[Recorded data]
▬▬▬▬▬▬▬▬▬▬
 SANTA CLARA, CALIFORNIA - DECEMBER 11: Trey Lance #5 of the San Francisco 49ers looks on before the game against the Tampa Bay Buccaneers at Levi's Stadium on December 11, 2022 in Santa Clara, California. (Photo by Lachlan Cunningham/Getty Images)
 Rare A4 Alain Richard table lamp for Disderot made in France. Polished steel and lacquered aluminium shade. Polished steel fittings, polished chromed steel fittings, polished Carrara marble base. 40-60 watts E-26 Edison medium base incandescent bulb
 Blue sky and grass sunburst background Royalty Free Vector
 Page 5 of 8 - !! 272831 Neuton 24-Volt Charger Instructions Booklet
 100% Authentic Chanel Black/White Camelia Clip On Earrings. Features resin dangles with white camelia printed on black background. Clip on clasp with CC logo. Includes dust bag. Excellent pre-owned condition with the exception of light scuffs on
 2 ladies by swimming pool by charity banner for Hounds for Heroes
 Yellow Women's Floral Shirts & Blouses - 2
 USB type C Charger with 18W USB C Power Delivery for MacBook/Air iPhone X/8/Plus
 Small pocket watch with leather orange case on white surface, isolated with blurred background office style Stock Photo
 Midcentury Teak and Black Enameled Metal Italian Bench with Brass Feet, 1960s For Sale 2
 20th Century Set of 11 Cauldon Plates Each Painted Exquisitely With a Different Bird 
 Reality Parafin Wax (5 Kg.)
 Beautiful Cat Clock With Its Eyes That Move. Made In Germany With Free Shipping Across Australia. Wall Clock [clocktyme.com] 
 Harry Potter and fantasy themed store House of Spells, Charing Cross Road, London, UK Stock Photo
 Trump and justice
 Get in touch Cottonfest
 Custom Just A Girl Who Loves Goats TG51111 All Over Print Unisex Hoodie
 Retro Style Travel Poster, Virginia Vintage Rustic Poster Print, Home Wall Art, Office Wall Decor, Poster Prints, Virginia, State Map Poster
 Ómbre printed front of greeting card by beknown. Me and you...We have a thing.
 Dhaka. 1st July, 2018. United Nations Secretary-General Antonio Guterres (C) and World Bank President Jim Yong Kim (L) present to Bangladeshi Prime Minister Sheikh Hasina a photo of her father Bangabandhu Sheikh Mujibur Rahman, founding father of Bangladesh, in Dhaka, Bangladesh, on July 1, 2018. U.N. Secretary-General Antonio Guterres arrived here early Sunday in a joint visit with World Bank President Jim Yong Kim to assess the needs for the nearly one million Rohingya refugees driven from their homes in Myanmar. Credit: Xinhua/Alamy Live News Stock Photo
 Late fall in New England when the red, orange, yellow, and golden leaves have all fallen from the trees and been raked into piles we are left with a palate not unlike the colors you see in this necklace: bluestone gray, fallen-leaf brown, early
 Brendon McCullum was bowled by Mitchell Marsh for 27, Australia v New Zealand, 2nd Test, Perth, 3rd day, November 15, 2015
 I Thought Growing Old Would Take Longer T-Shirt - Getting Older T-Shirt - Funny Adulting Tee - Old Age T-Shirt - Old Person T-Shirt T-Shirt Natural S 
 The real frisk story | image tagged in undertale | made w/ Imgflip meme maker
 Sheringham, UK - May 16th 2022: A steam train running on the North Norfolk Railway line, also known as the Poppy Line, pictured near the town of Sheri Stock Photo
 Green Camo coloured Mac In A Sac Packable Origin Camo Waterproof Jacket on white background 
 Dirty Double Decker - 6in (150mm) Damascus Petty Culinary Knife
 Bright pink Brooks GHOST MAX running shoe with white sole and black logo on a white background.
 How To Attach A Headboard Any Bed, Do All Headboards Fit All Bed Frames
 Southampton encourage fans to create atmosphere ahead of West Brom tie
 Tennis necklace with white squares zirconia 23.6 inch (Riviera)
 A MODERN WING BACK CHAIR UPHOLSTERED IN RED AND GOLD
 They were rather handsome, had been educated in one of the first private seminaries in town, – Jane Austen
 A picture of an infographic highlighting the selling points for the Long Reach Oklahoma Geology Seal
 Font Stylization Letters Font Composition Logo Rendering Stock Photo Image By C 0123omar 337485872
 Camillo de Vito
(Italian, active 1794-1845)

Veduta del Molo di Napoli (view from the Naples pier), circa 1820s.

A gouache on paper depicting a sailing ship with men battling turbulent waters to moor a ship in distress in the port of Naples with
▬▬▬▬▬▬▬▬▬▬
Exercise description => Restate word for word only the lines above from the line containing "Midcentury Teak and" to the line containing "Reality Parafin Wax (5 Kg.)", both of them included.

Finished exercise =>
 Midcentury Teak and Black Enameled Metal Italian Bench with Brass Feet, 1960s For Sale 2
 20th Century Set of 11 Cauldon Plates Each Painted Exquisitely With a Different Bird 
 Reality Parafin Wax (5 Kg.)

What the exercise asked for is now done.